Bitcoin slipped below $77,000 on Monday during Asian trading hours, capping a weekly decline of roughly 4.8% and reaching its lowest level since early May. The world's largest cryptocurrency had briefly traded above $80,000 earlier in the previous week before momentum faded. The pullback came as rising bond yields, climbing oil prices, and renewed geopolitical worries cooled appetite for higher-beta assets across global markets.
Treasury yields told much of the story last week. The 30-year yield closed at 5.13%, its highest level since 2007, while the 10-year yield pushed past 4.5% and reached a 12-month high. Polymarket traders are now pricing a 98% probability that the Federal Reserve holds rates steady in June and a 94% probability of no move in July. Futures markets have also started to reflect modest odds of a rate hike later this year, a shift that increases the opportunity cost of holding non-yielding assets such as bitcoin.
The pressure on yields was reinforced by a fresh leg higher in oil prices. Brent crude rose 1.78% to roughly $111 per barrel, and WTI gained 2.2% to about $107, driven by reports of drone incidents in the United Arab Emirates and stalled diplomatic talks involving Iran. President Trump publicly warned that "time is ticking" for Iran to reach an agreement, raising concerns about a broader regional flare-up and adding to worries that energy-driven inflation could keep monetary policy tight for longer.
Sentiment indicators moved in step with the price action.
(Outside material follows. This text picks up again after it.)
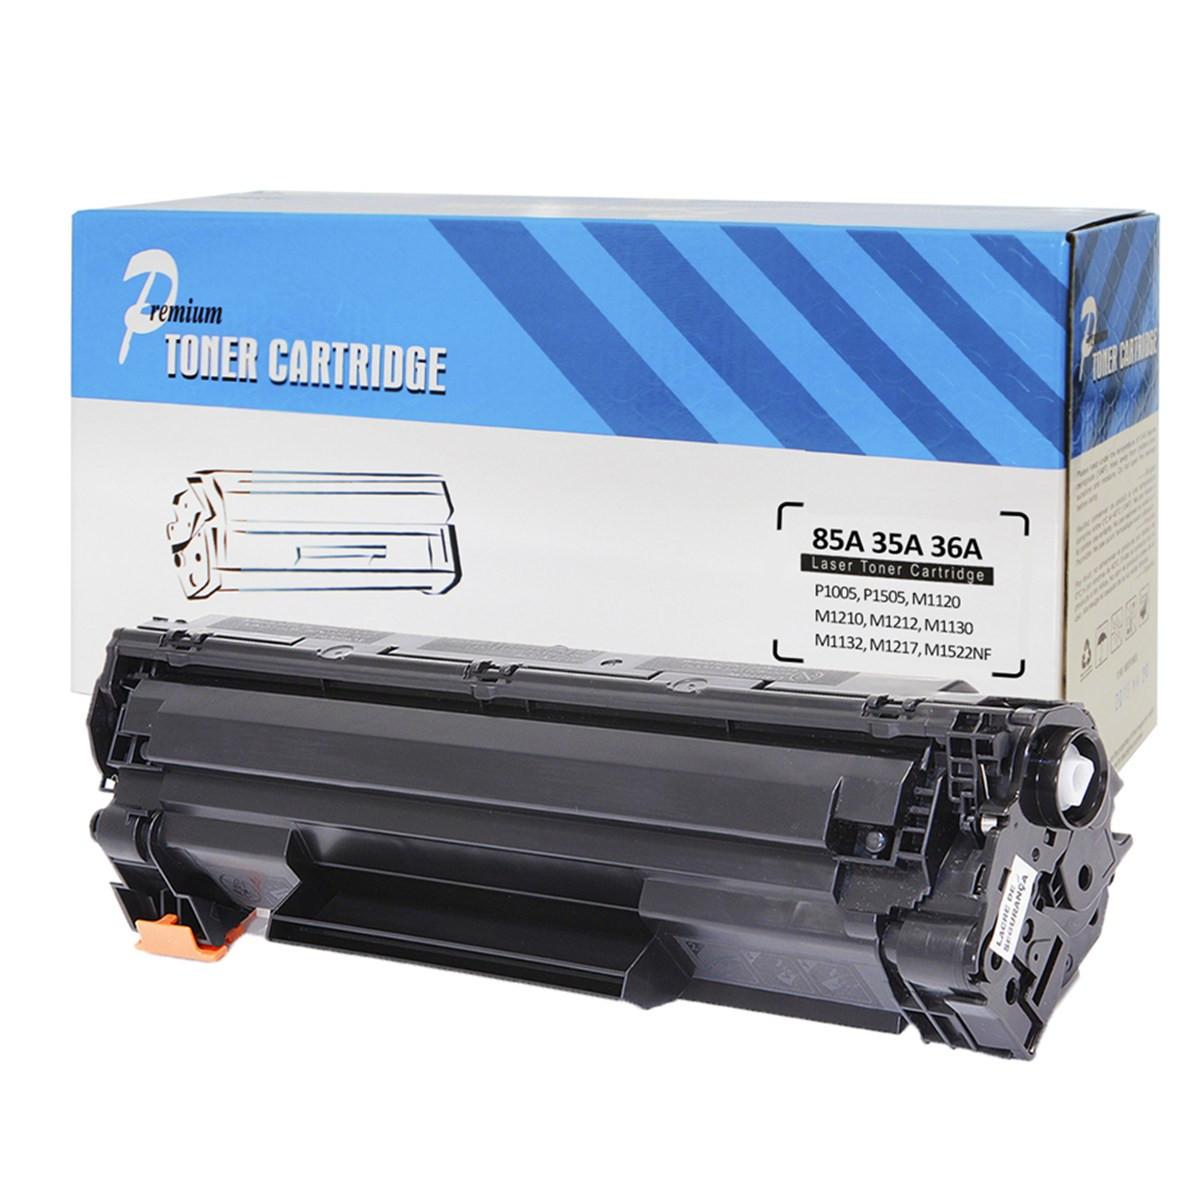 Caixa com 15 Toner Compatível com HP Universal 35A 36A 85A CB435A CB436A CE285A | Premium

According to The Block, the Bitcoin Fear and Greed Index slipped back to 27, close to the fear zone, after spending much of the week in a more neutral 40-50 range. Equity markets also softened, with the S&P 500 closing Friday down 1.2% and the Nasdaq down 1.5%, reflecting a broader rotation away from risk as investors recalibrated their expectations for monetary easing.
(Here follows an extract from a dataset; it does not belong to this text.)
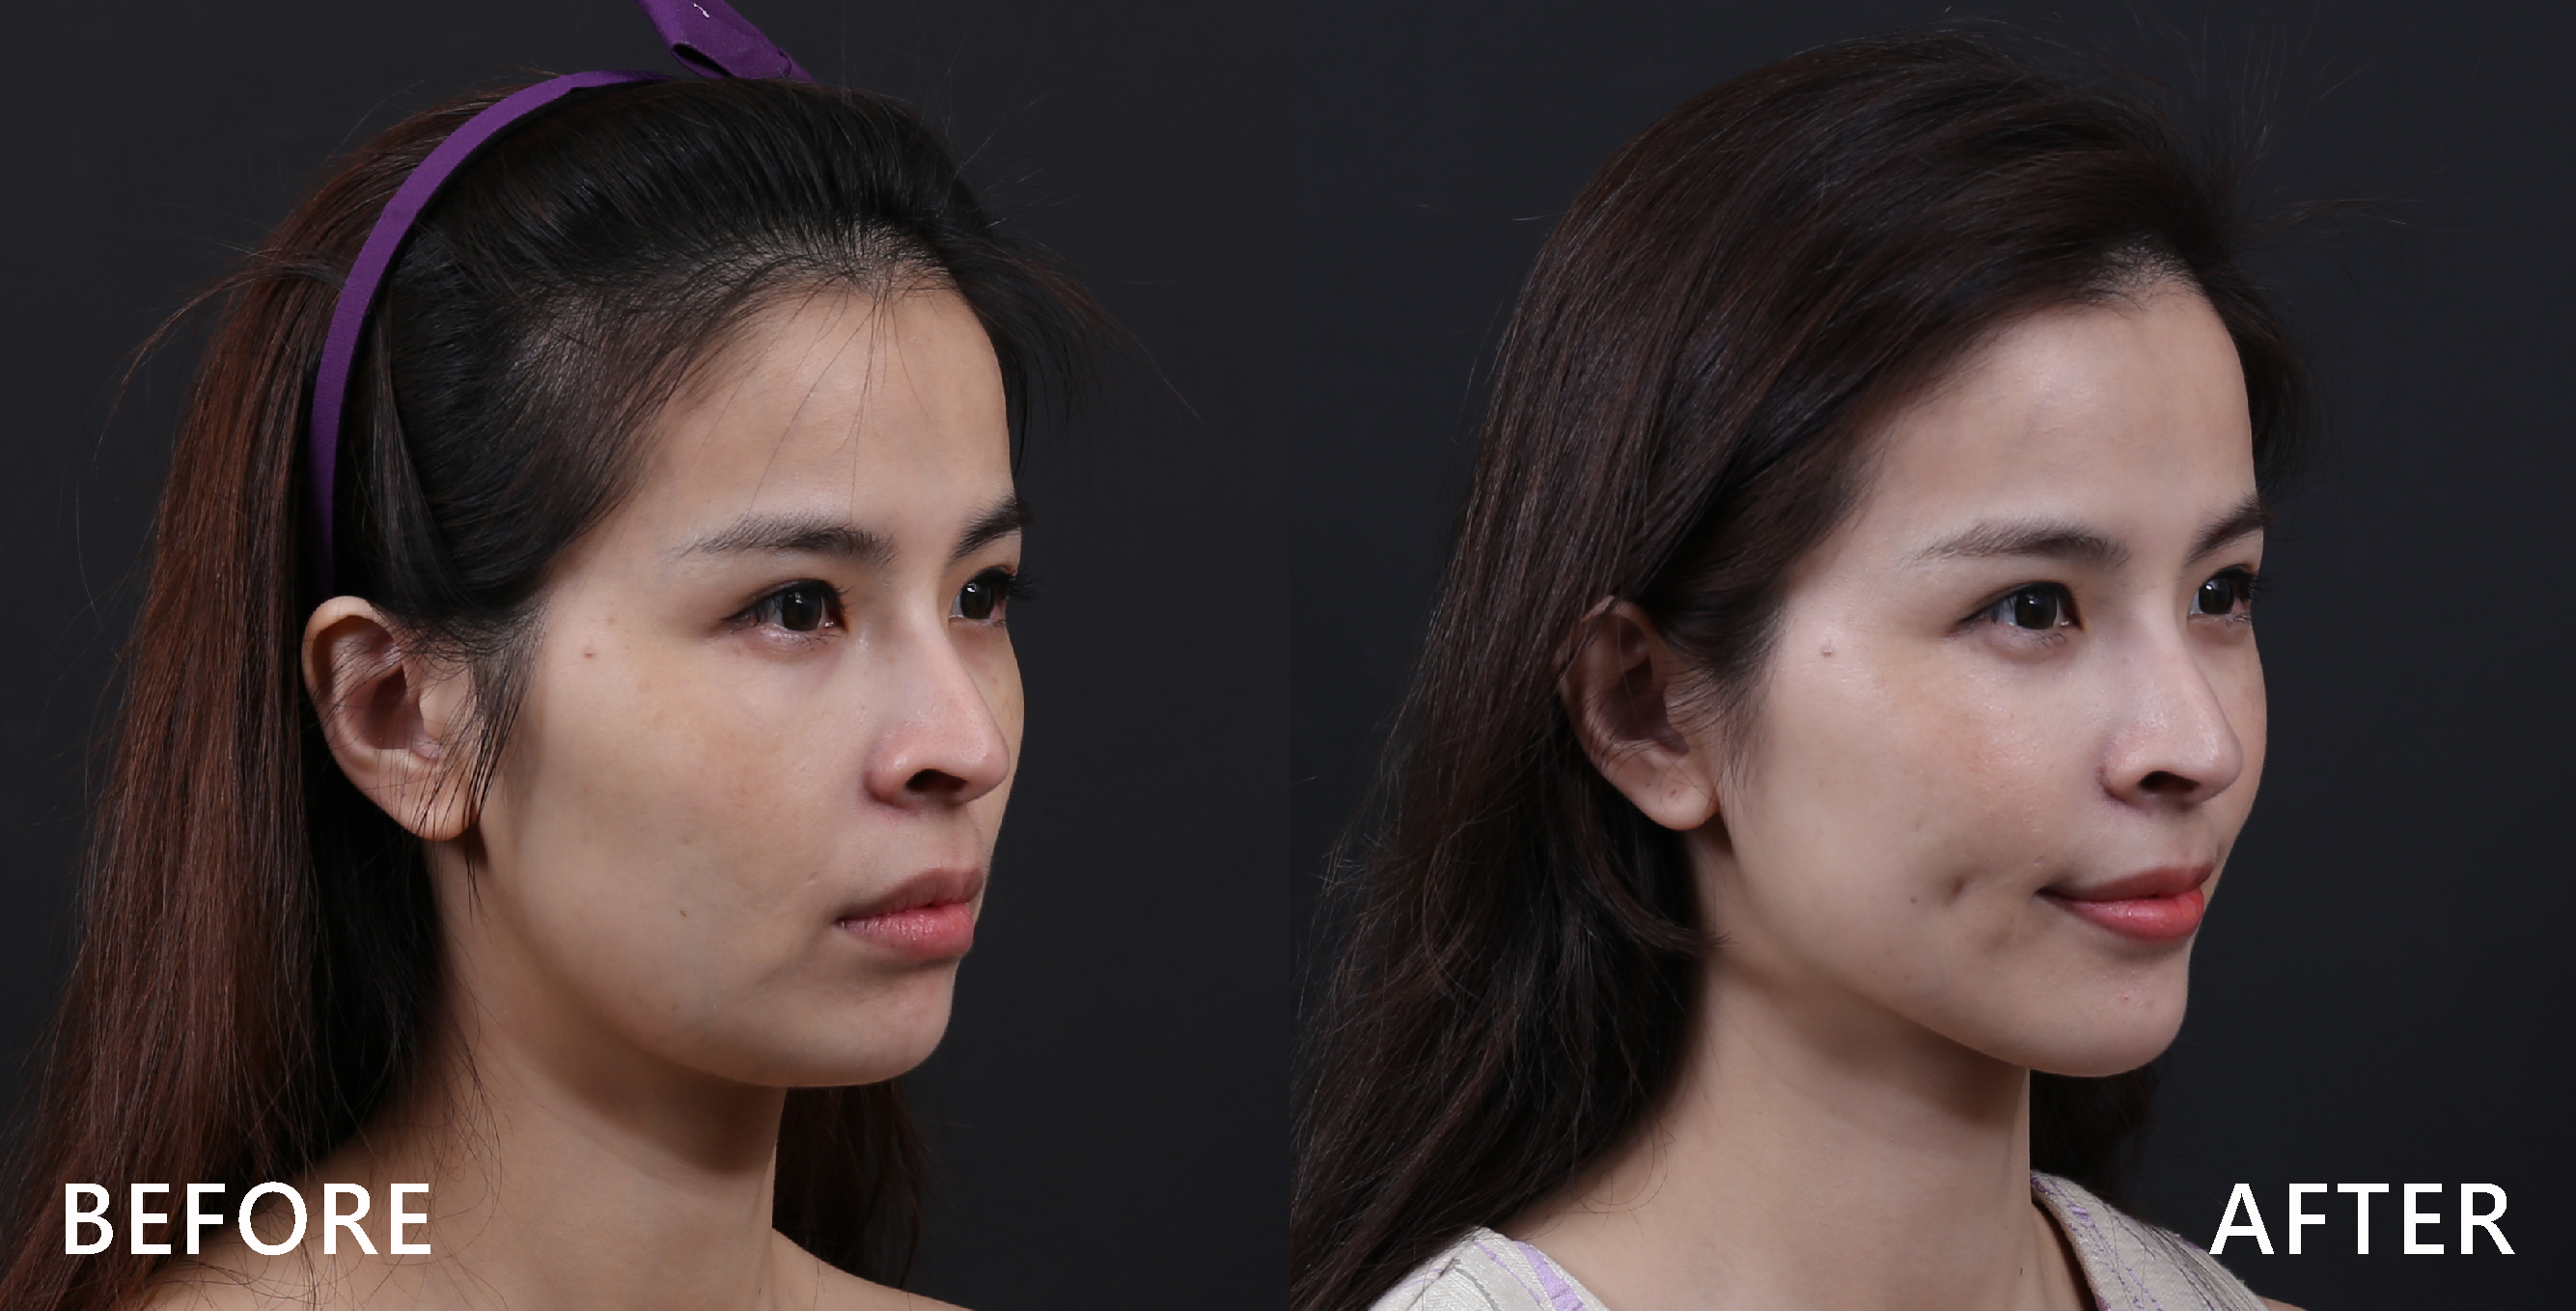 從側面看美國極線音波拉皮Ulthera之後,臉部曲線拉提,小V臉尖下巴出現,也感覺有膠原蛋白增生的年輕膚感,整體感覺變年輕了。 (實際效果依個案而異)

On-chain data offered a more nuanced picture. Glassnode figures showed that nearly 60% of the bitcoin supply has not moved in over a year, while exchange balances are sitting at a six-year low. Both metrics suggest that long-term holders remain largely inactive and that obvious spot selling pressure is contained. At the same time, the short-term holder MVRV ratio is below 1, indicating that recent buyers are, on average, underwater and may be more sensitive to additional macro-driven weakness.
Institutional flows reflected the cautious tone. According to CoinMarketCap, spot bitcoin ETFs recorded a weekly net outflow of about $1 billion in the week ended May 17, ending a six-week run of inflows. The shift likely reflects portfolio managers rotating toward cash and more defensive positioning as the timeline for Fed rate cuts continues to stretch out.
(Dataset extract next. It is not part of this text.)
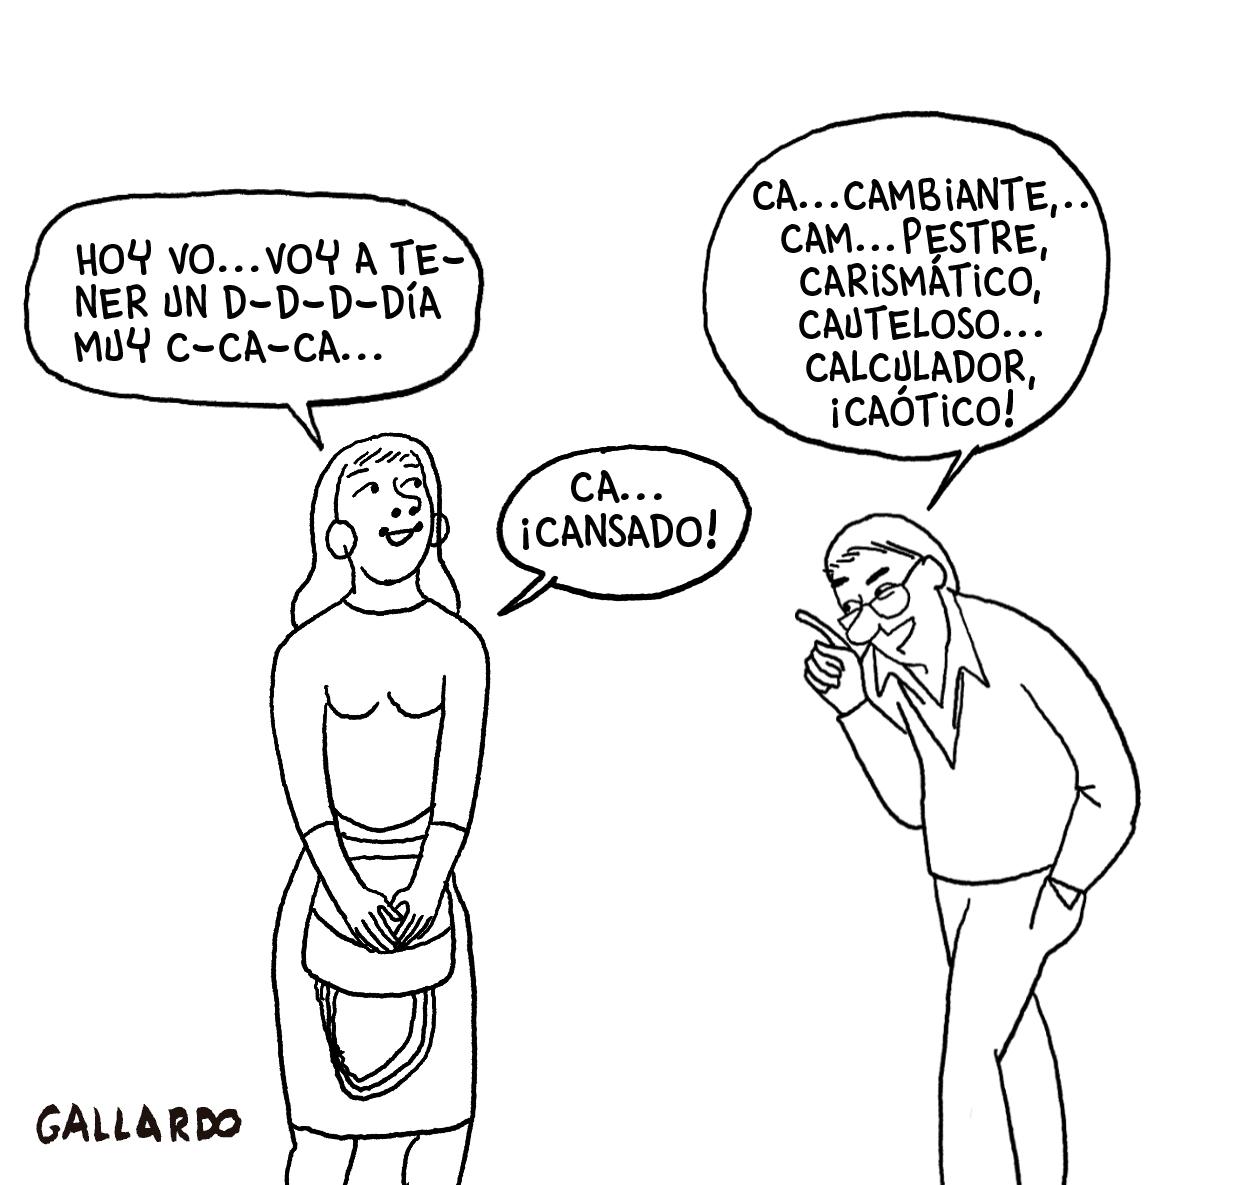 """Viñeta en blanco y negro. Una chica con el pelo largo le dice a un hombre de mediana edad con gafas: """"Ho… Hoy voy a tener un d… d… d… día muy ca… ca… ca…"""". El hombre le responde: """"Ca… cambiante, carismático, cauteloso, ¡calculador!, ¡caótico!"""". Ella le contesta: """"¡Cansado!"""". Viñeta de Gallardo."""

On the regulatory side, the CLARITY Act, the market structure bill currently advancing in Washington, continued to make progress last week. The legislation seeks to establish a clearer framework for the regulatory treatment of digital assets in the United States, dividing oversight responsibilities between the SEC and the CFTC and setting more defined rules for token issuers, exchanges, and other market participants. Senate Banking Committee members filed amendments, and lawmakers signaled ongoing engagement with the framework, building on optimism that helped lift bitcoin toward $82,000 earlier in the previous week. While the bill on its own did not provide a near-term catalyst for prices over the past few sessions, further progress could continue to support underlying sentiment in the digital assets market if it stays on track, and any delay or watering down of key provisions could weigh on confidence at the margin.
The coming week carries a lighter economic calendar but several potentially market-moving events. NVIDIA reports quarterly results on Wednesday and will likely set the tone for broader risk sentiment given its central role in the AI trade. U.S. PPI on Thursday will offer another read on whether inflationary pressures are broadening beyond energy, and the University of Michigan sentiment and inflation expectations data on Friday will round out the macro picture. Traders will also be watching for further movement on the CLARITY Act and any shift in tone from new Fed Chair Kevin Warsh on inflation and policy direction. For bitcoin, the $74,000 level stands out as a key downside support to monitor, while trading is likely to remain range-bound and headline-sensitive until one of the major macro signals breaks consensus and gives the market a clearer direction.